There is a tremendous lack of control with adoption. How quickly the process moves, whether the agency approves you, whether you’re selected by an expectant mother/couple (if you’re doing a private adoption)…all are beyond your control. One thing you can control though, is the type of adoptive situation that you pursue.

A couple of people have (unsolicited, of course) told me the type of adoption that we “should” be doing. I see it a lot when a celebrity adopts too – people discussing how they adopted the “wrong” way. They argue that adoption overseas is the best, because “those poor children need homes,” or that domestic adoption is best because “there are lots of children who need homes over HERE,” that private adoption is best because “those kids won’t be damaged,” or that adopting from foster care is best because “they need stability.”

News flash: no child is more deserving of adoption than another!

Other news flash: we aren’t adopting to “save” a child.

A common misconception about adoption is that it’s about saving a child from a terrible fate. Sometimes, that might be true. And sometimes, that might be an individual or couple’s sole motivation in deciding to adopt. I think most people adopt predominately for the not-entirely selfless reason of wanting another child in their family. I can tell you, that is the case for us.

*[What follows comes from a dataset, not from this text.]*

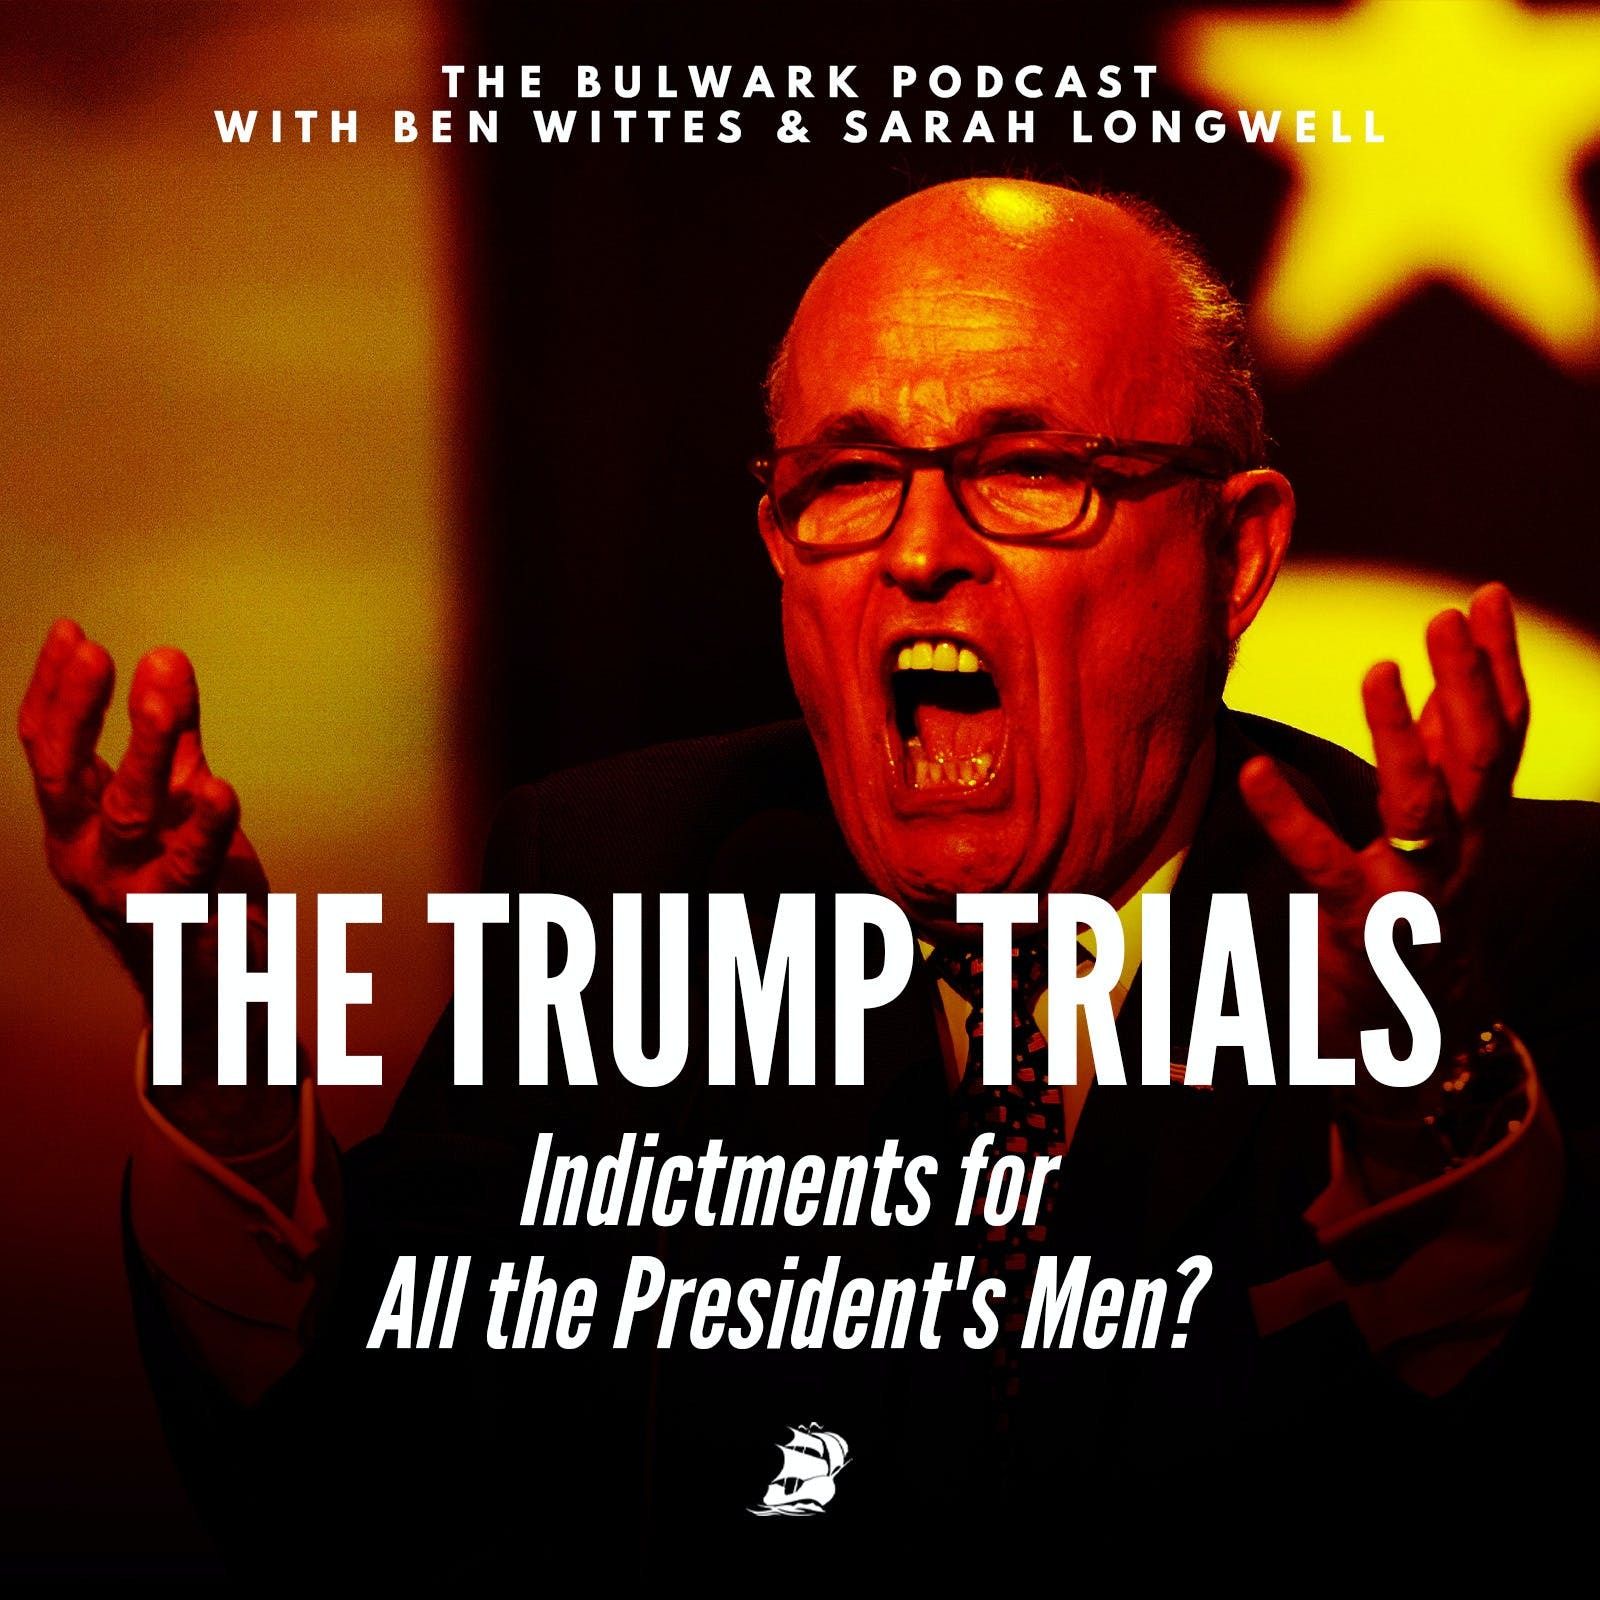 Indictments for All the President's Men? by The Bulwark Podcast

Mark and I carefully and prayerfully made the decision to pursue adopting an infant here in the United States through an agency. It is important to us to maintain birth order (so, not adopting a child older than J) and we need to balance the needs of our existing children with needs of the child we adopt, meaning it’s not in the cards to adopt a child with significant special needs. If chosen as adoptive parents, we would like to have an ongoing relationship of some sort with our child’s first parents. For all of these reasons and more, domestic infant adoption is the right answer for our family right now.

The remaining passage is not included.